**What you should do**
What is the number of lines in the data holding the word "Stock"? Give that number by itself.

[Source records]
=== Begin Enclosure ===

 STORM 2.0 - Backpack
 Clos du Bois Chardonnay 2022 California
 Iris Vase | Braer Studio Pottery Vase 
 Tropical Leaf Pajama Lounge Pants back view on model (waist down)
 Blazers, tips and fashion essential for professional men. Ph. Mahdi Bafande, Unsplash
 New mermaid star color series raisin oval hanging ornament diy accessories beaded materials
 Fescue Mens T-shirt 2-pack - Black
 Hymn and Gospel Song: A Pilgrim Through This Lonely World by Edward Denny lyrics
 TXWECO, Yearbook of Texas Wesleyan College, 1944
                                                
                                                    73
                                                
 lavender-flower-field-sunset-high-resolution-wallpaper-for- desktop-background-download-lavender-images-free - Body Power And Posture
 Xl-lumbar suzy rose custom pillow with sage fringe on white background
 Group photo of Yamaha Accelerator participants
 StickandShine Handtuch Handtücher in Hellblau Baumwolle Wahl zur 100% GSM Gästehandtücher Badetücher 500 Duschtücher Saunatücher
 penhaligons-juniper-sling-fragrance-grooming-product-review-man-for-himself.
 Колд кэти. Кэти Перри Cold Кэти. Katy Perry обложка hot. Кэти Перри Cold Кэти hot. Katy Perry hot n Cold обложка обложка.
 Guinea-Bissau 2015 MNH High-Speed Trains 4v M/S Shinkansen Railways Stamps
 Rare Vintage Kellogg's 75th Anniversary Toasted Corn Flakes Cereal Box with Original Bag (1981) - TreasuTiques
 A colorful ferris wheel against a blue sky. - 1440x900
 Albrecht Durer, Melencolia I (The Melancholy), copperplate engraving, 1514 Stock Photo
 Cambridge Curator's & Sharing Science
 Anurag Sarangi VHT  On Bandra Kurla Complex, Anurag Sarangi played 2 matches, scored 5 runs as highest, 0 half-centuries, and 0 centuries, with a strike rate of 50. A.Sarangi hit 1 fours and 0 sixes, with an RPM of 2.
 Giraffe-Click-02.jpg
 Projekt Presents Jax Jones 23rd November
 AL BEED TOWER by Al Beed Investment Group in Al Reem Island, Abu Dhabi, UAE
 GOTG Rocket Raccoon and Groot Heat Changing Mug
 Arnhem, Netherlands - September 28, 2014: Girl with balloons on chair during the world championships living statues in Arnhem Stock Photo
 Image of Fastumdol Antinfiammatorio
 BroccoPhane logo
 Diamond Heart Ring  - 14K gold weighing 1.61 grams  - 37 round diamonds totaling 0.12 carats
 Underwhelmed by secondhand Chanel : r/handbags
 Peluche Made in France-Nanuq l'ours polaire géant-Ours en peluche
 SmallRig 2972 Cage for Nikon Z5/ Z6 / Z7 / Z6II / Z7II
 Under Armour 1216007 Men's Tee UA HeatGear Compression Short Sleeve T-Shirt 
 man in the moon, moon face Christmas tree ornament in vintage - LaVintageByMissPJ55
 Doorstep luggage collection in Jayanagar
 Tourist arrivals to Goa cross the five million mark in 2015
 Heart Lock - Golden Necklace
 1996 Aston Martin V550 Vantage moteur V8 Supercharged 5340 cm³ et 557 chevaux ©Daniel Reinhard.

=== End Enclosure ===

**Answer to the problem**
2